Red Flowers in a Green Garden

The Stumpy Garden is primarily a leafy, shrubby, green garden, but some of my most beautiful red flowering plants grow here. Pride of place in mid-summer is taken by a clump of hybrid large red daylilies.

 Just adorable.
Red Large Flowering Daylilies

To think that I dug these out by mistake and threw them under the hedge to turn into compost! I didn't realise my mistake until over a year later, when the lucky survivors turned out to be species orange daylilies. Oops! I dug into my messy pre-compost and rescued the real ones - just in time. They are an amazing shade of red.

Sunny Roses and Perennials

Rhododendrons fill up the shady places in the Willow Garden, but there are still many sunny spots for flowers and perennials. In there I grow some of my favourite red roses.

 Deep red and clean green - just beautiful.
Opulence - Red Roses in a Green Garden

One is the beautiful deep red rose called Opulence. I love this rose, and it flowers later in the season when other roses have been dead-headed. Well, when other roses are supposed to have been dead-headed...

A Cardinal?

There's a cherry red rose which grows by the honeysuckle - I'm sure it has 'Cardinal' in its name. Anyway, I've always known it as 'Cardinal Someone-Or-Other' - maybe it's time for an attempt at positive identification, but these things take time. Other good red roses in this garden are Colourbreak (an orange-red) and a single red low-growing rose branded under the 'Flower Carpet' label. It has the thorniest canes, impossible to weed anywhere near.
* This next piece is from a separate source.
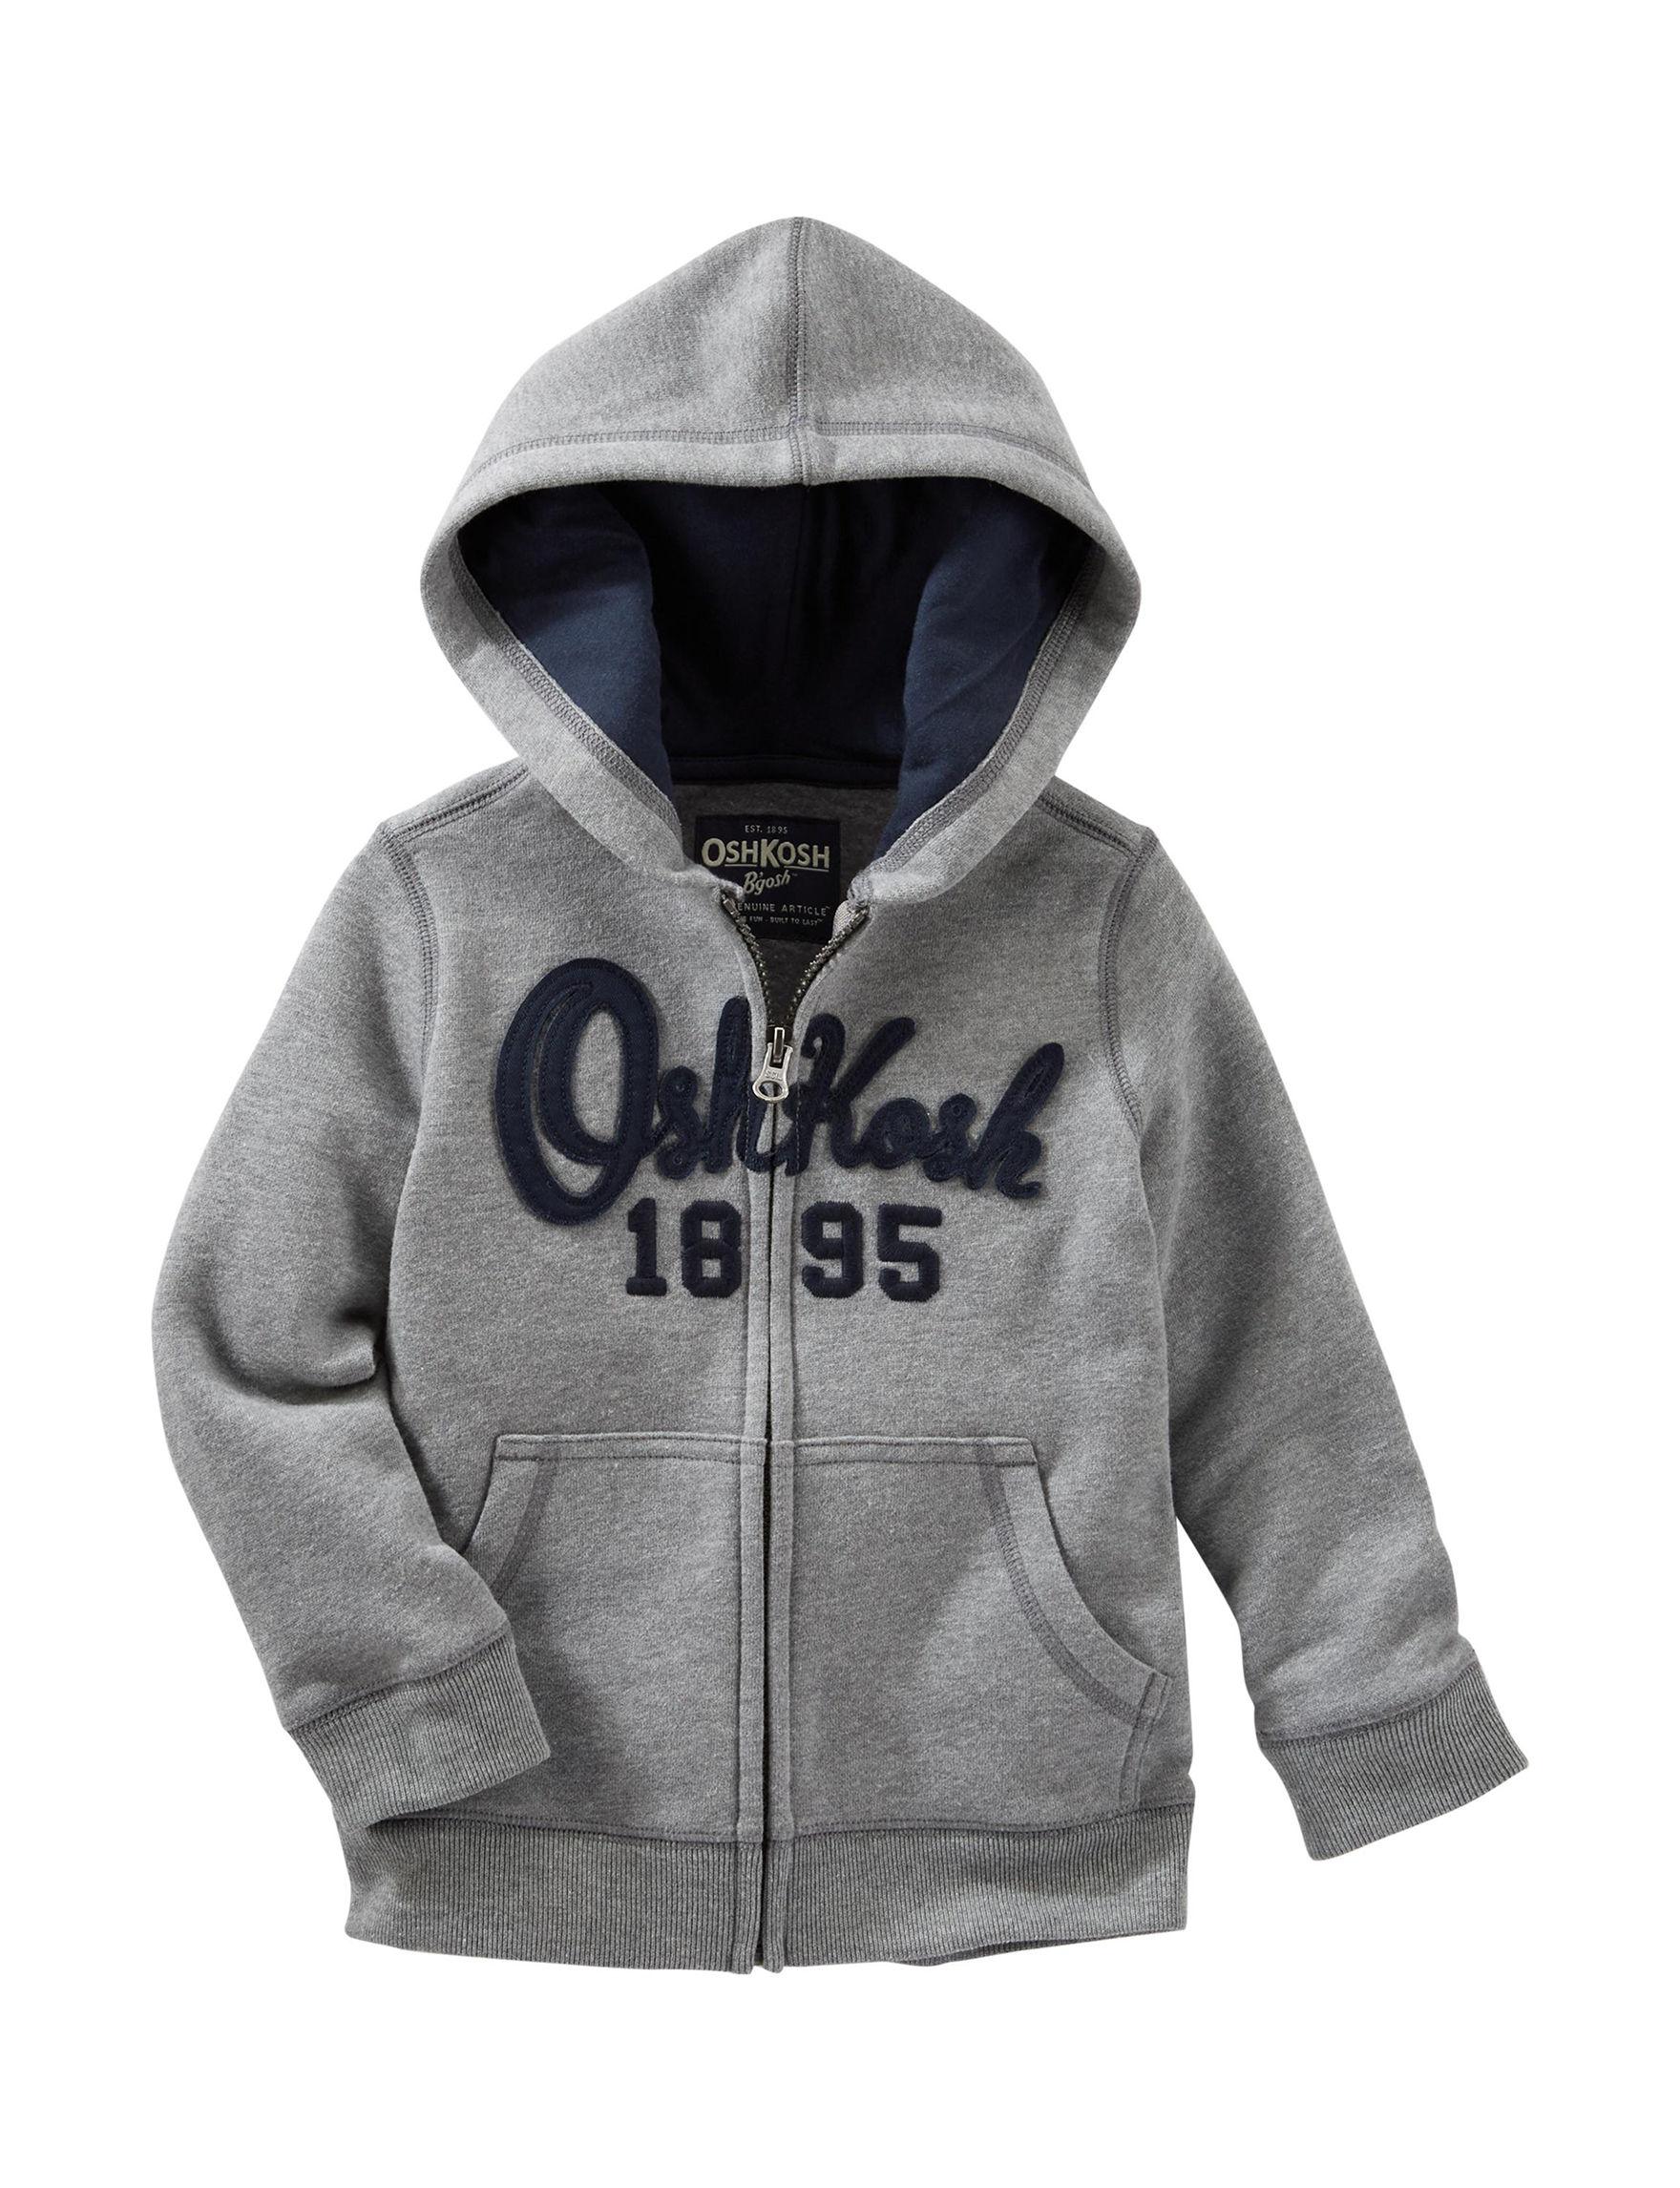 Oshkosh B'Gosh Grey Lightweight Jackets & Blazers

Ouch!

 What a beautiful rose!
Single Red Rose - 2003

Some years ago I collected seedlings off the beautiful red dahlia with purple foliage called Bishop of Llandaff - just to see what would happen. My new plants missed out on the leaves, but their flowers are just as beautiful as the original.

 The flower looks the same as the parent plant.
My Seedling Dahlia

And naturally there are a couple of dark red Phormiums (though they're a dark wine red variety) and a red Berberis shrub to bind the flowers to the rest of the foliage.